Political party in Ethiopia

The All-Ethiopia Socialist Movement (መላ ኢትዮጵያ ሶሻሊስት ንቅናቄ, native acronym: MEISON, Amharic: መኢሶን) is a political party in Ethiopia. A Marxist–Leninist organization, MEISON played an active role in Ethiopian politics during the 1970s. Both it and the Ethiopian People's Revolutionary Party (EPRP) were enthusiastic supporters of the revolution that toppled Emperor Haile Selassie. However, as Mengistu Haile Mariam rose to power as leader of the ruling Derg government, conflict began to develop between the two groups. MEISON initially aligned itself with the Derg, but fell out with Mengistu as the Red Terror progressed and was repressed from mid-1977 onwards.

==History==
MEISON was formed as a clandestine organization during the 8th ESUE (Ethiopian Student Union in Europe) congress in August 1968 by some of the most senior of the exiled radical Ethiopian students. Prominent founders include: Worku Ferede (elected chairman at meeting), Kebede Mengesha, Negede Gobeze, Andargachew Assegid, Fikre Merid, Hagos Gebreyesus, and Haile Fida. Other early prominent members included Andreas Eshete, Haile Menkerios, Alem Habtu, and Dessalegn Rahmato.
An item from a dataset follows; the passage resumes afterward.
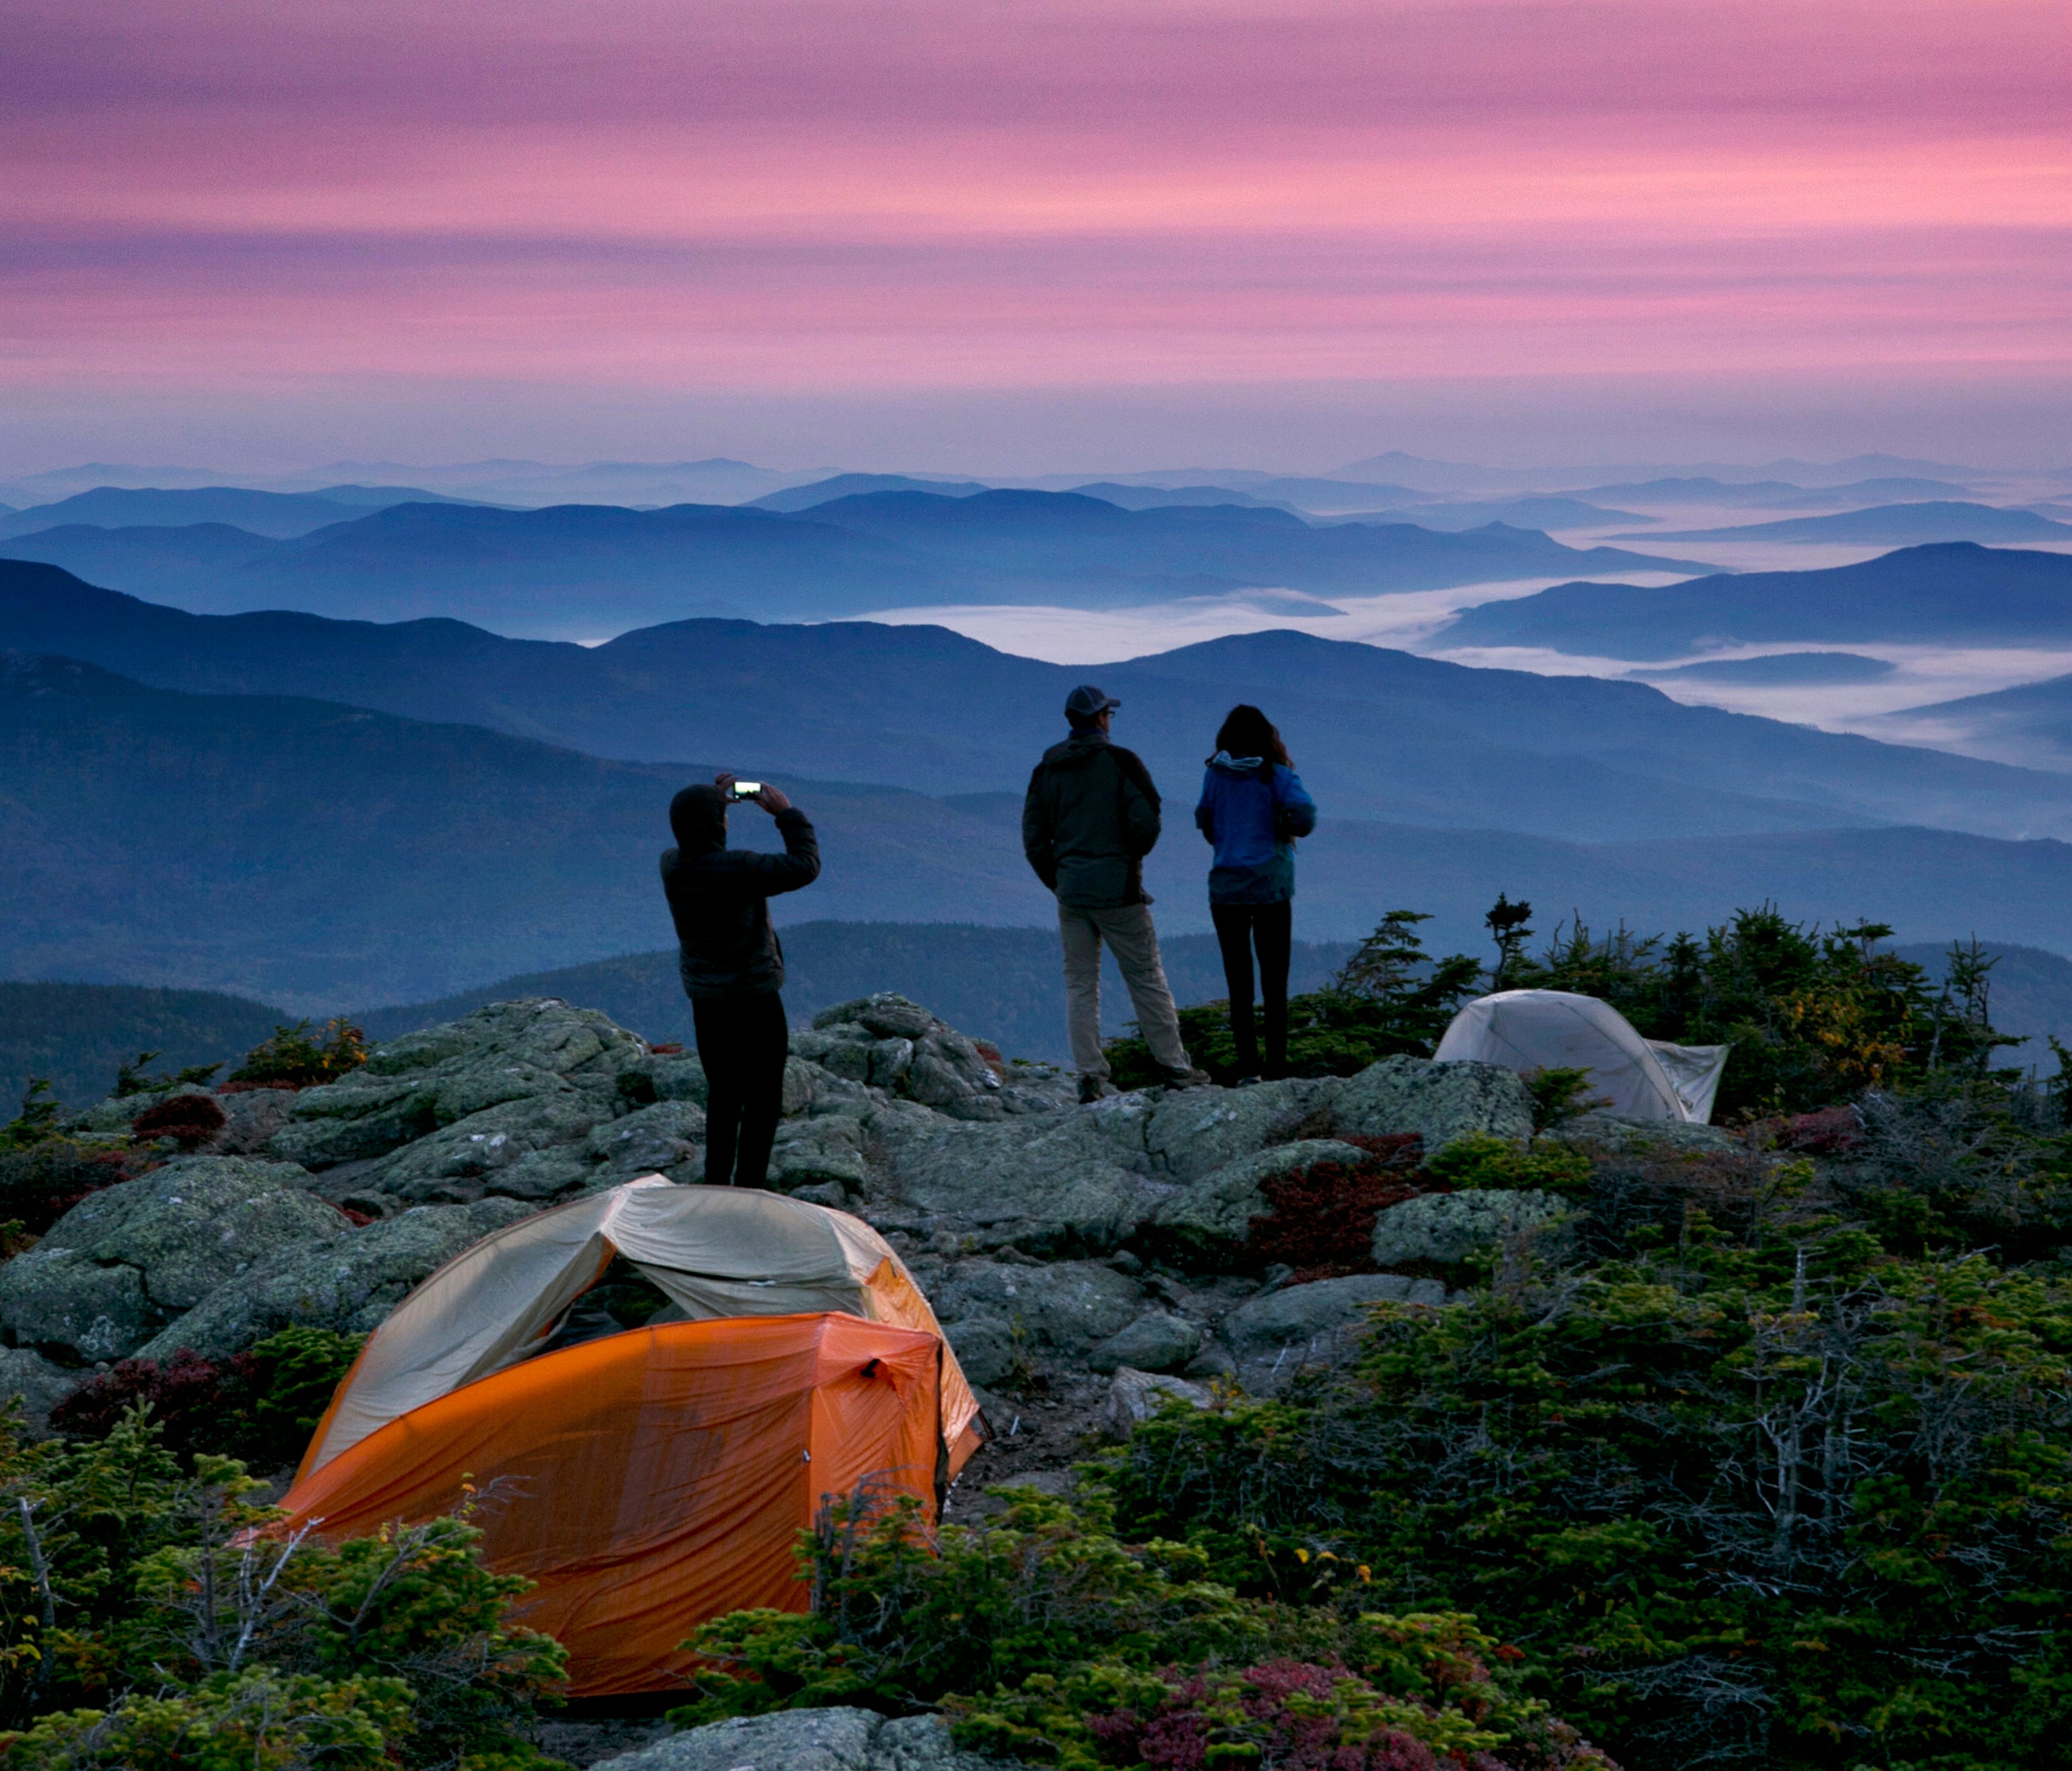 Robert Weiss photographs his brother-in-law, Matthew Ferri, and his wife, Andrea  just before sunrise from their campsite on the Appalachian Trail in Beans Purchase, N.H., Sept. 17, 2017.

Limited free expression was permitted following the 1974 revolution that installed the Derg as the state's authority, and politics became dominated by members of the radical Left who had previously opposed Haile Selassie at home and abroad. MEISON and the EPRP quickly grew to be the two dominant Marxist parties, and their leadership & members across Europe, North America, and the Middle East quickly returned home to take part in the revolution.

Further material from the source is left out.